- [Data provided]:
*** Begin section ***

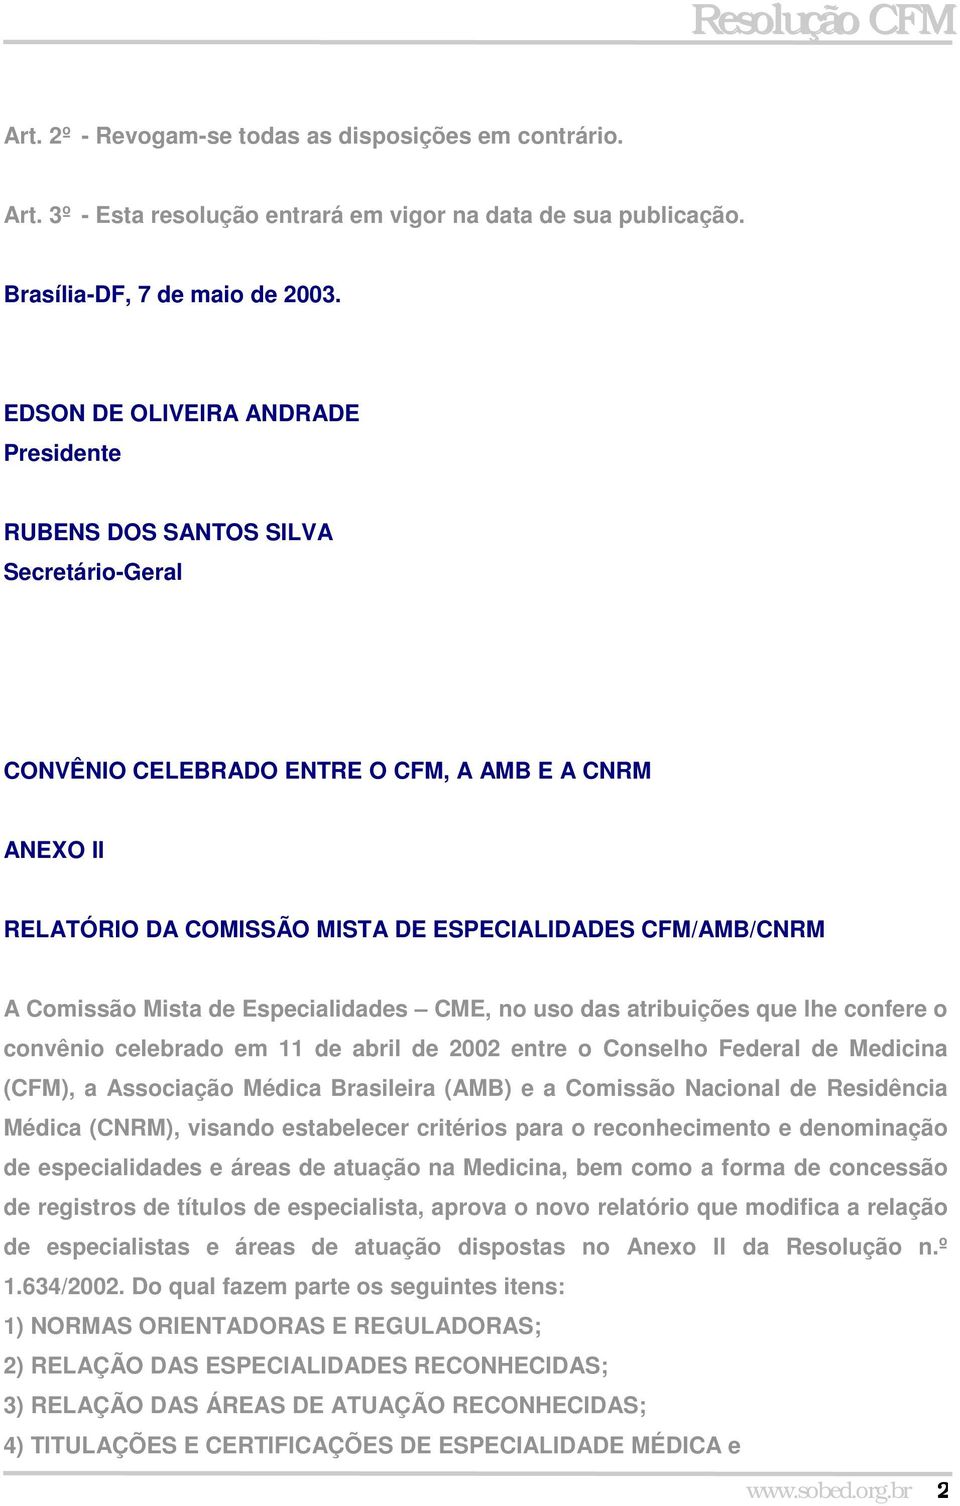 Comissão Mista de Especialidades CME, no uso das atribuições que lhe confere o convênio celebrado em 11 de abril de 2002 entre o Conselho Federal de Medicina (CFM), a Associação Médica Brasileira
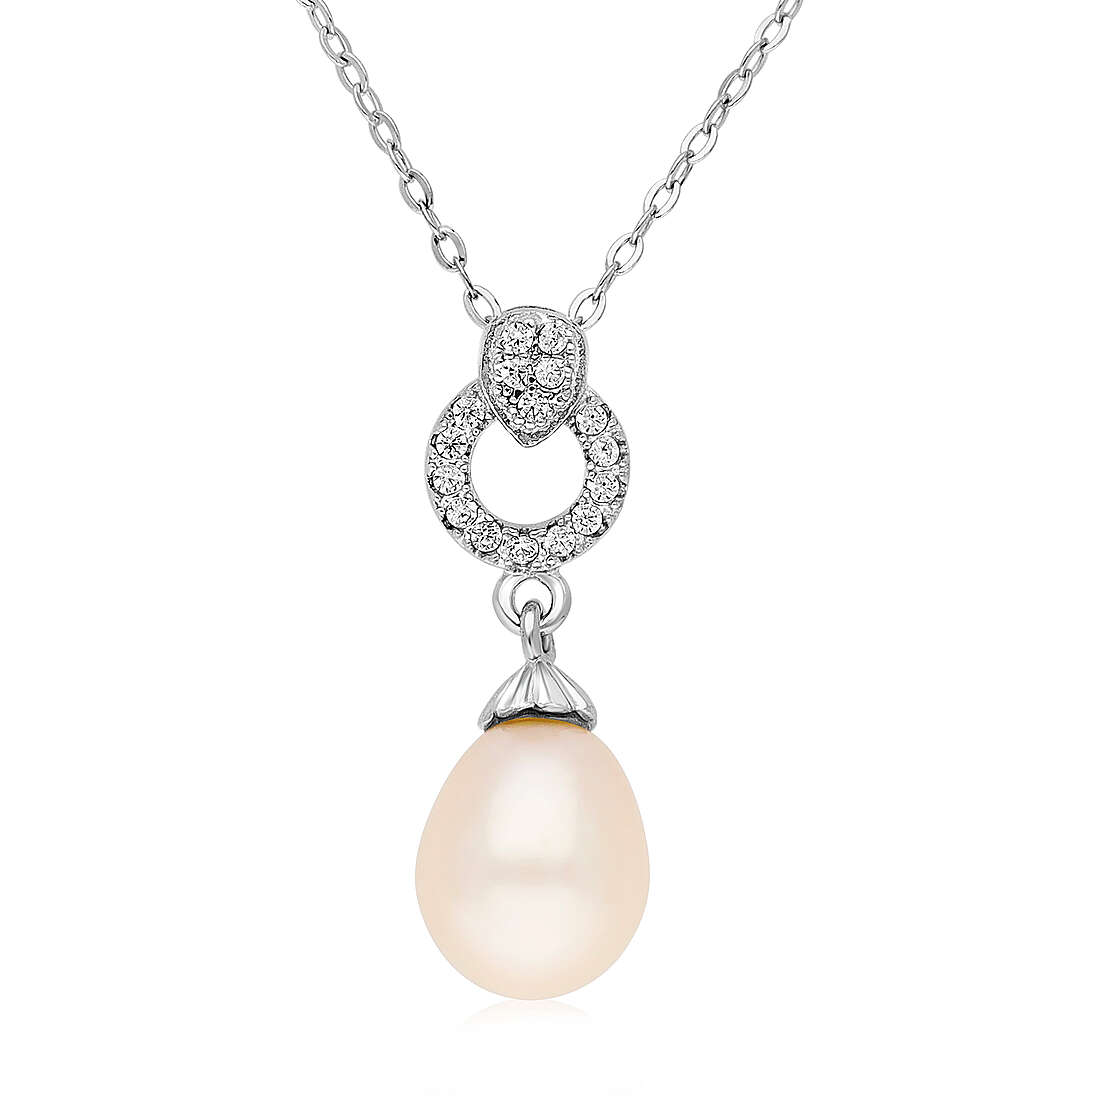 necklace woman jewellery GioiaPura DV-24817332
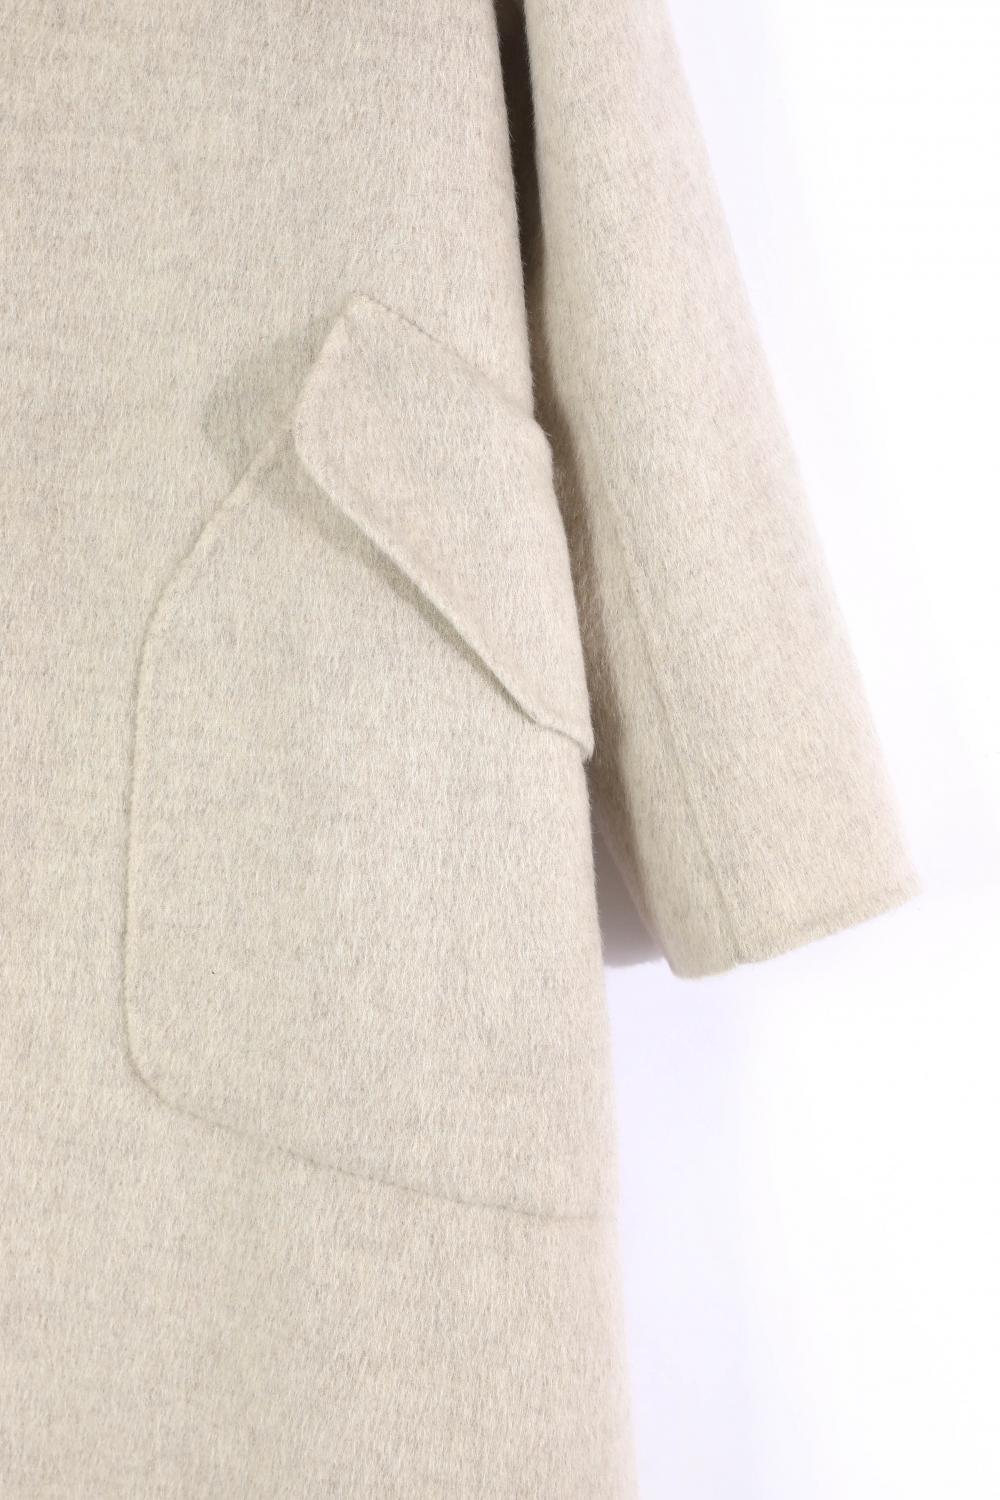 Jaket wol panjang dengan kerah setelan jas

*** End section ***

- [Directions]: Everything in the data above should be set down again exactly, except the pictures.

- [Response below]:
 Comissão Mista de Especialidades CME, no uso das atribuições que lhe confere o convênio celebrado em 11 de abril de 2002 entre o Conselho Federal de Medicina (CFM), a Associação Médica Brasileira
 necklace woman jewellery GioiaPura DV-24817332
 Jaket wol panjang dengan kerah setelan jas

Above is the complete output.